Symbol   Quatember

Startseite
Inhalt
Inhalt 1937
Jahrgänge
Autoren
Suchen


Ein Briefwechsel über das Kreuztragen
von Nathanael Rösler und Walter Uhsadel

LeerLieber Freund, warum Du wohl gerade von mir ein Wort zu diesem Thema haben willst? Du hast mich am Ende in dem falschen Verdacht, ich sei einer jener bemitleidenswerten „Kreuzträger”. Du hast vernommen, mein Augenlicht sei vor längerer Zeit erloschen, und meinst, ich könnte nun ans eigener Erfahrung über das Kreuz reden. Aber laß Dir sagen: Das Blindsein ist an und für sich durchaus nicht das, was man im gewöhnlichen Leben ein Kreuz nennt, sondern allenfalls ein kleines Ungemach, oder am Ende auch eine Möglichkeit, ganz neue Wunder zu entdecken, an denen mancher Sehende achtlos vorübergeht. So daß es heißen könnte: „Das Unglück ist mein Glück, die Nacht mein Sonnenblick.”
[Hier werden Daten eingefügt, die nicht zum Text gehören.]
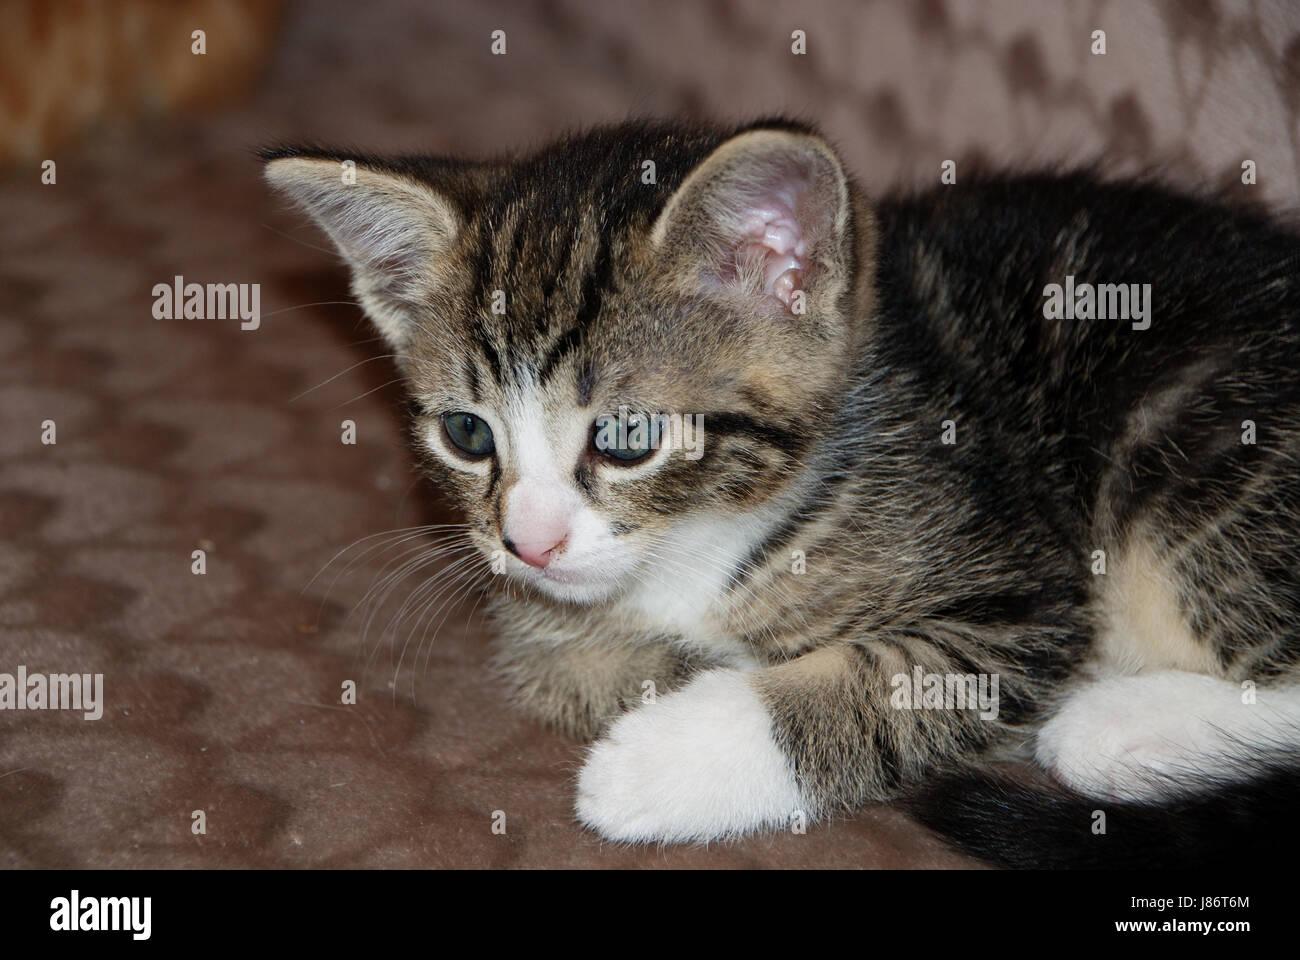 tierische junge tiere katze baby k tzchen pussycat katze. Black Bedroom Furniture Sets. Home Design Ideas
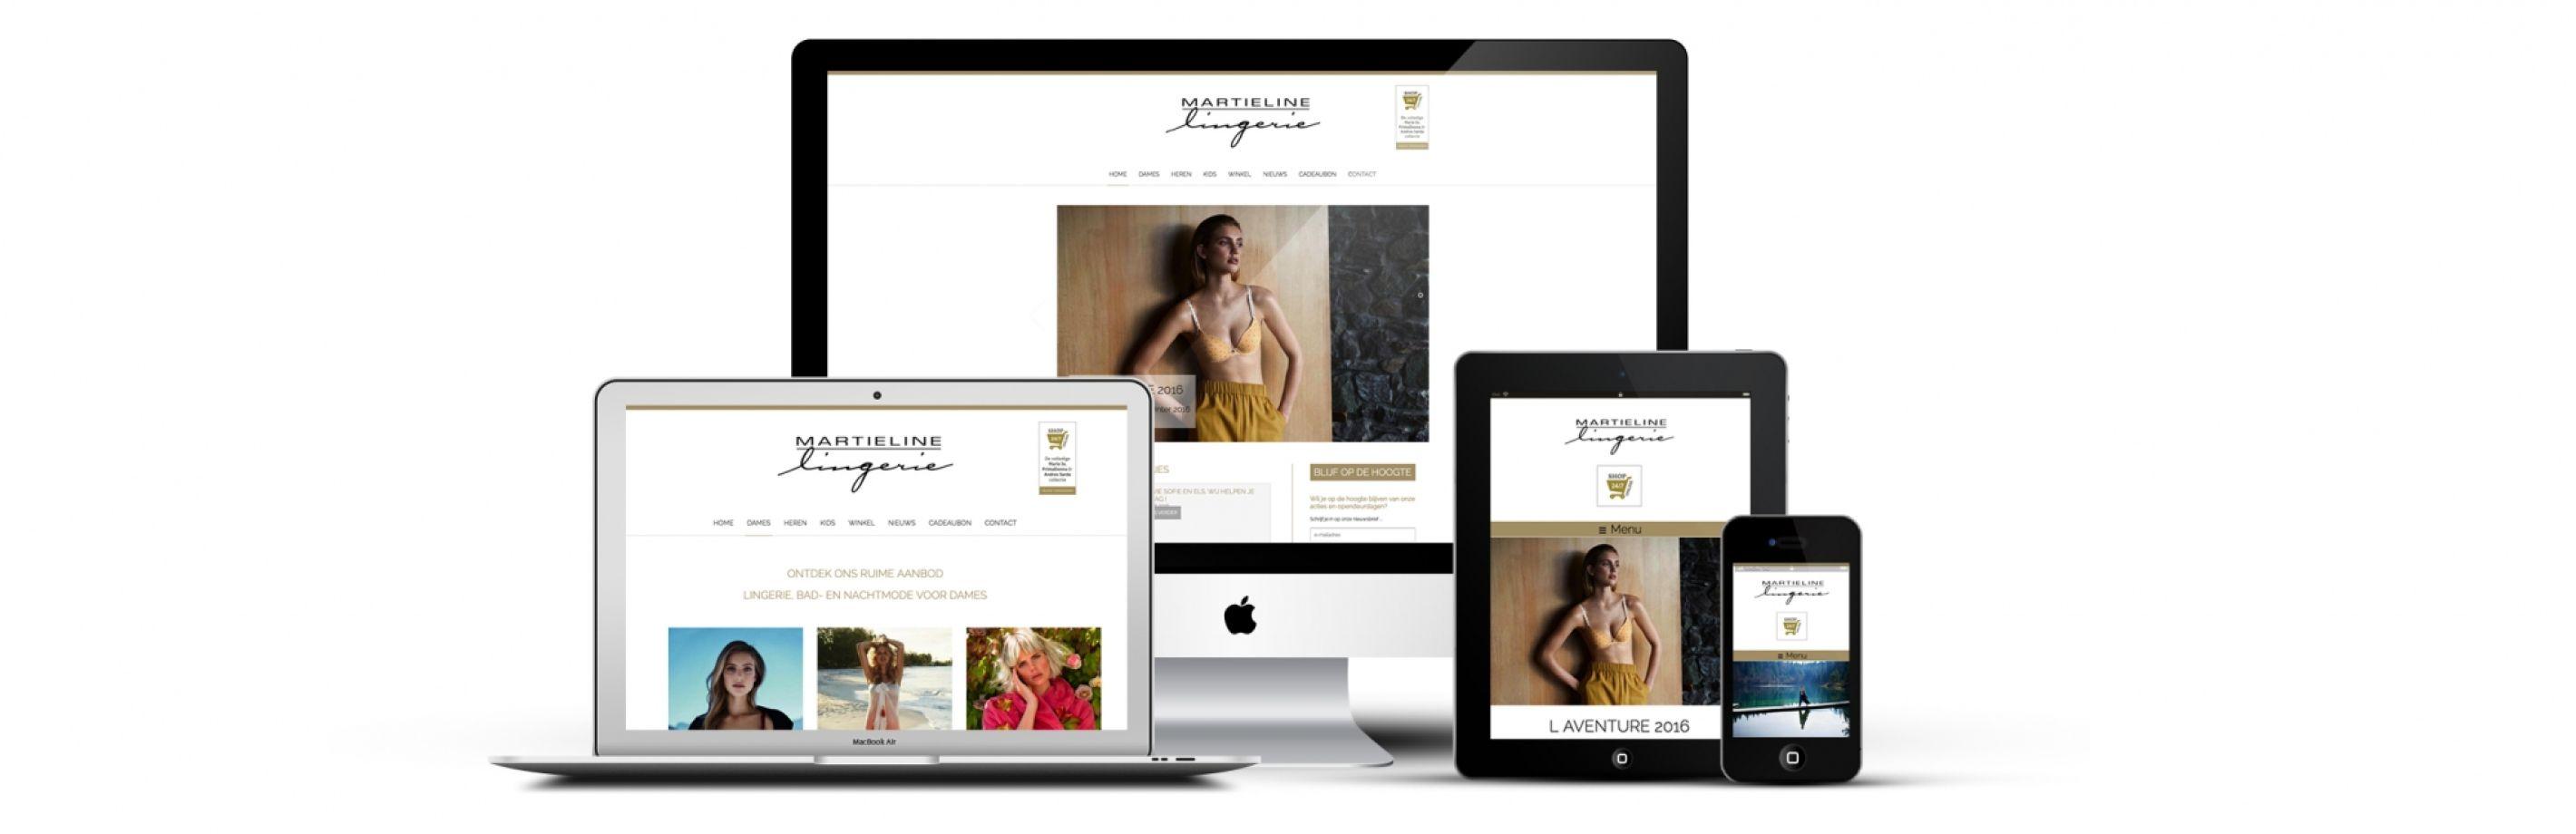 Lingerie Martieline Website Mockup

LeerIch bin ja ein ausrangierter Missionar, und vielleicht zählst Du mich deshalb unter die Kreuzträger? Man glaubt ja oft, mit uns Missionaren Mitleid haben zu müssen, weil wir, wie man sagt, so viel entbehren müssen. O, wenn die, die so denken, eine Ahnung hätten von dem Glück und Reichtum eines Missionarslebens! Dann würden sie uns beneiden um unsern hohen Beruf.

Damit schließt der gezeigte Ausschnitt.